Outline of the session.
You can connect this slide to the one we showed earlier in the course. We worked on the data collection side before. No we are working on analysis to transform data into information.
This is the difference between data and information. The process between the two is analysis, or data reduction.
The major concept behind epidemiological data analysis is CDC- Count, Divide and Compare. This slide was shown earlier. It is a revision.
This exercise is to help the participants understand the denominator they need to work with. Sometimes, people have a hard time identify the denominator they need to use before a comparison. So In this exercise, by comparing the incidence of diphtheria among people below and under the poverty line, we will help participants understand the denominator they need to work with. Ask the participants what they should COUNT, denominator they would use to DIVIDE and what they would COMPARE (Answers on next slide).
Answers to the questions on the previous slide. Try to understand the misconceptions among participants who did not identify the right denominator. That will help you understand your audience.

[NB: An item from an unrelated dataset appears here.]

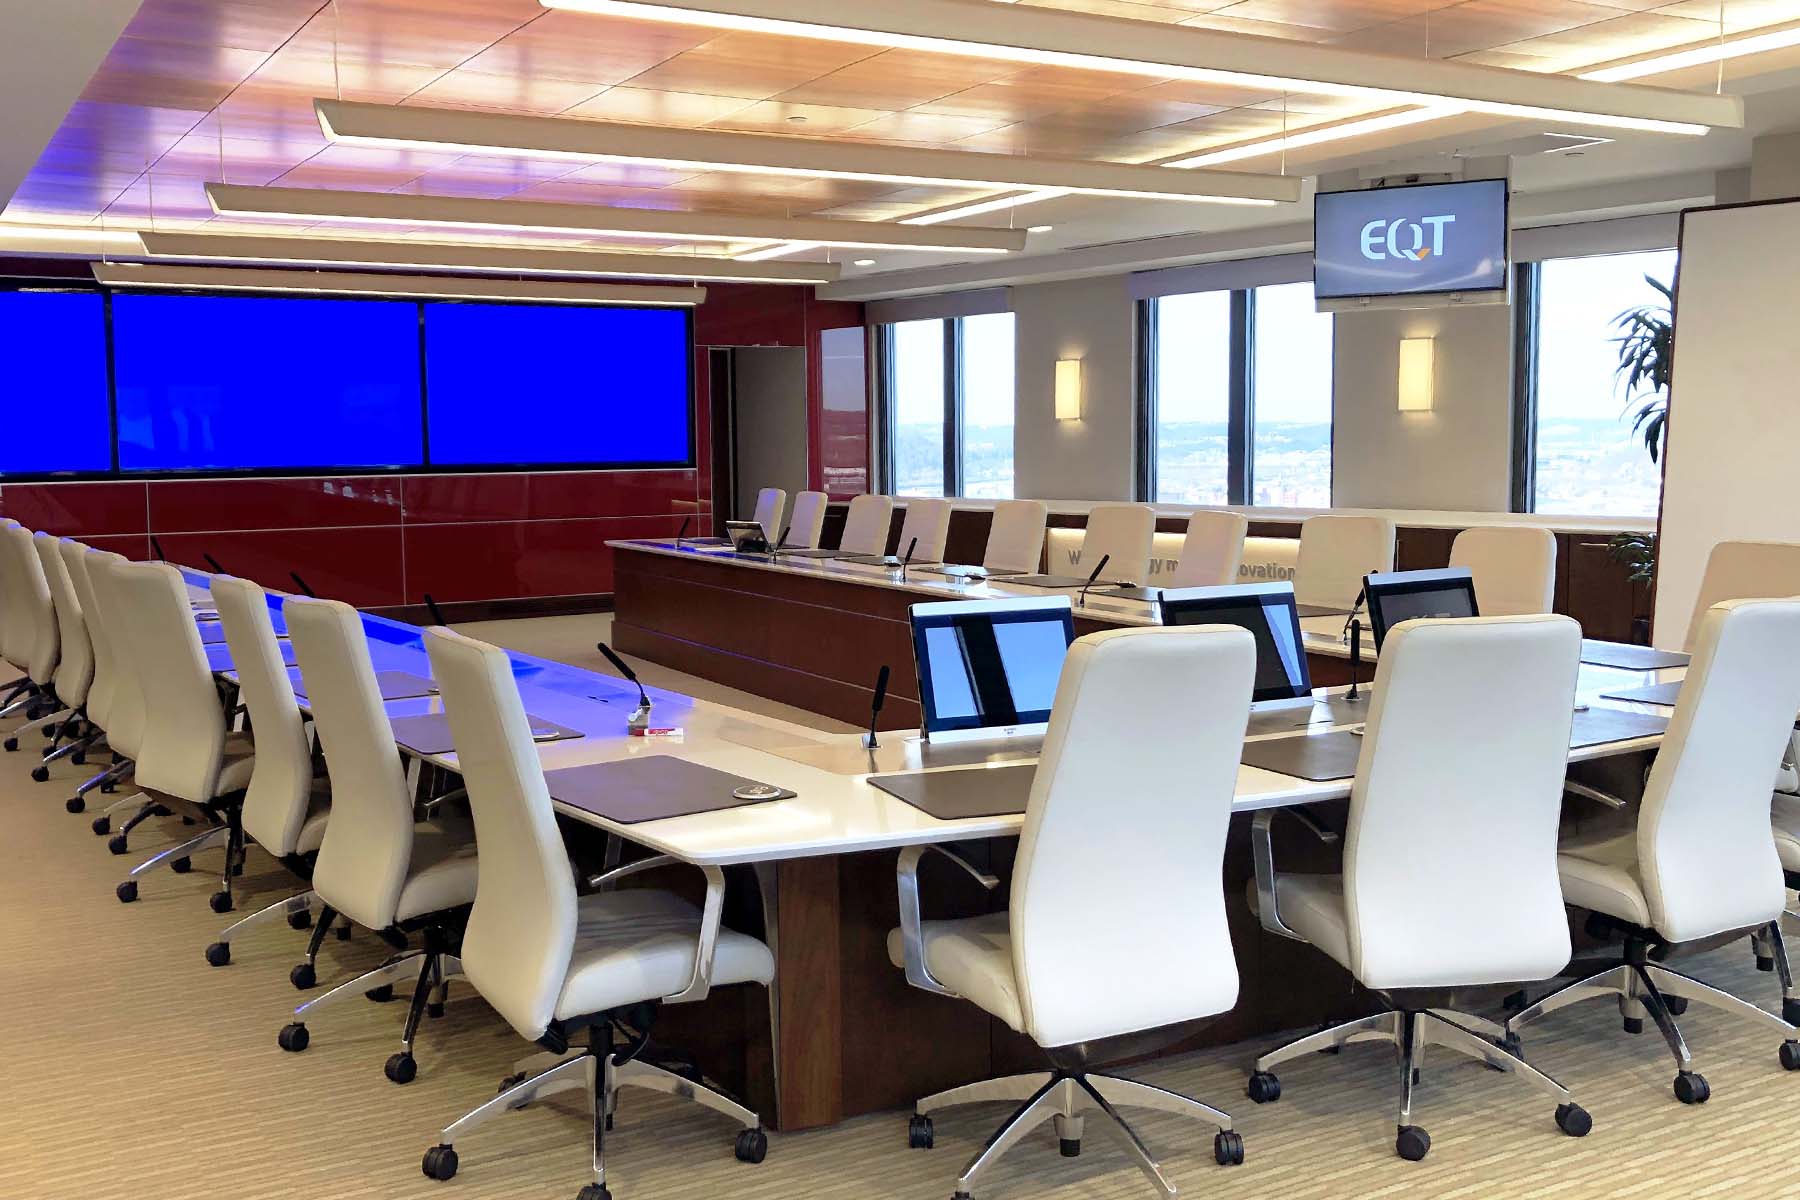 Conference room with TV displays and large U-shaped conference table

The CDC process will be repeated three times for the three basic types of epidemiological analyses. Time Place Person
For time, we use graphs. We can either use direct numbers or rates, depending on whether a comparison is needed.

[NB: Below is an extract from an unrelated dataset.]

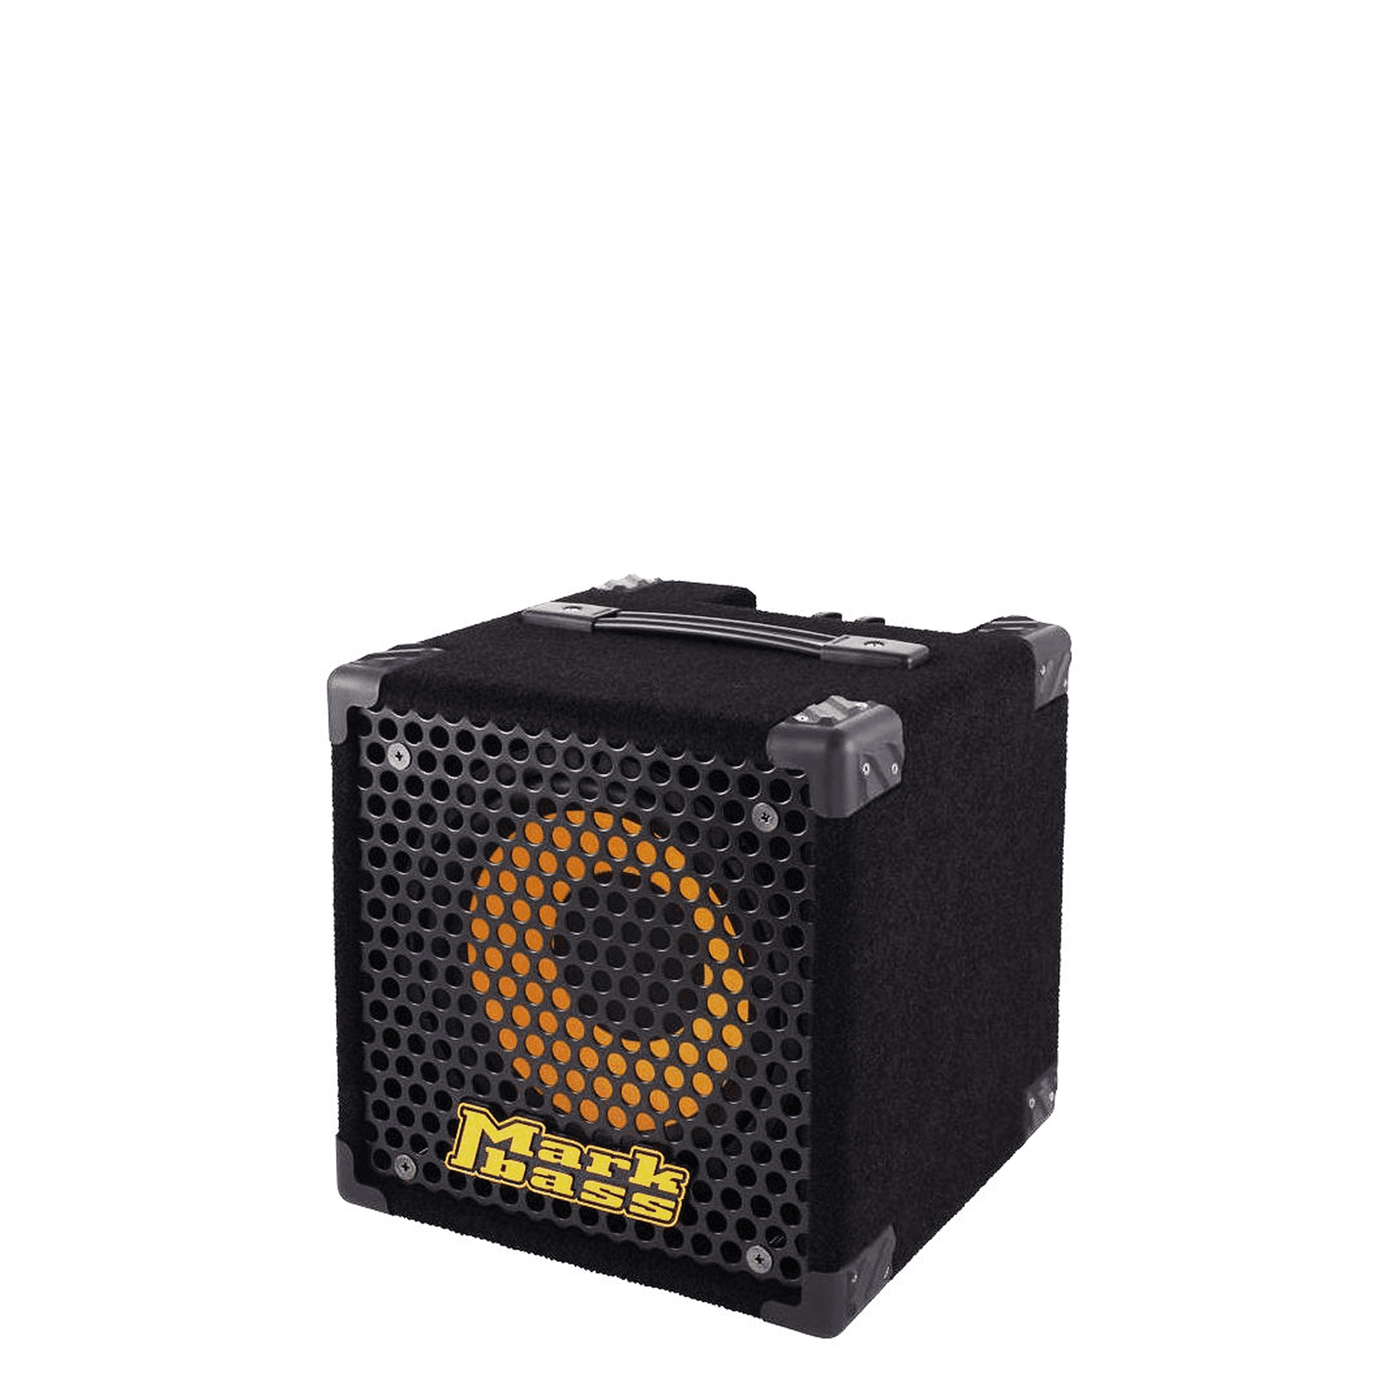 Markbass Micromark 801 Combo - The Micromark now has a big brother—one who is still small enough to deliver the Markbass sound anywhere, but big enough to provide a fuller sound with plenty of bottom end!The Micromark 801 features a single yellow 8” Markb

For this outbreak of a short duration, the population does not have time to change substantially. We can use the absolute numbers.
In contrast, here, for a five year analysis, the population size increased so we need to divide by the denominators to allow comparison (CDC).
Now we will discuss maps. These slides repeat the lectures on graphs, tables and maps. Make sure that people have the reflex of using maps to present the information by geographical area. It is too common to see it in tables, which constitutes a loss of information.
This is an example of a map of analysis by geographical area. Ask the participants what were the step that were followed to prepare this map.
For the third type of analysis, by person, we usually report the data in tables.
That is the table to remember and to replicate when doing surveillance data analysis.
This graph present more information about the person (I.e., immunization status).
In the context of IDSP, we routinely prepare seven different types of reports.
First is about completeness and timeliness.
Second is the weekly / monthly summary report.
Third is on trends.
Fourth is about crossing threshold values.
Fifth is about comparing reporting units.
Sixth compares the private and the public sector.
Seventh compare the results of the reporting in the pubic health care system and the laboratory.
Some people may be confused about the way we examine data with information collected using different case definition from different reporting sources. Because the case definitions are different, we cannot simply add. But we can look synoptically at both types of reporting to see if trends emerge.
Computer can help as tools but do not replace thinking.
Epidemiologist may be inhibited by all kind of technical considerations. But often they have not even started to look at the data. Once there is a willingness to look at the data, the technical hurdles can be addressed.
After analysis we have gone from data to information. Now, beyond that stage, the information needs to be INTERPRETED to decide on any relevant action. This interpretation for decision making should take place in the context of a technical committee.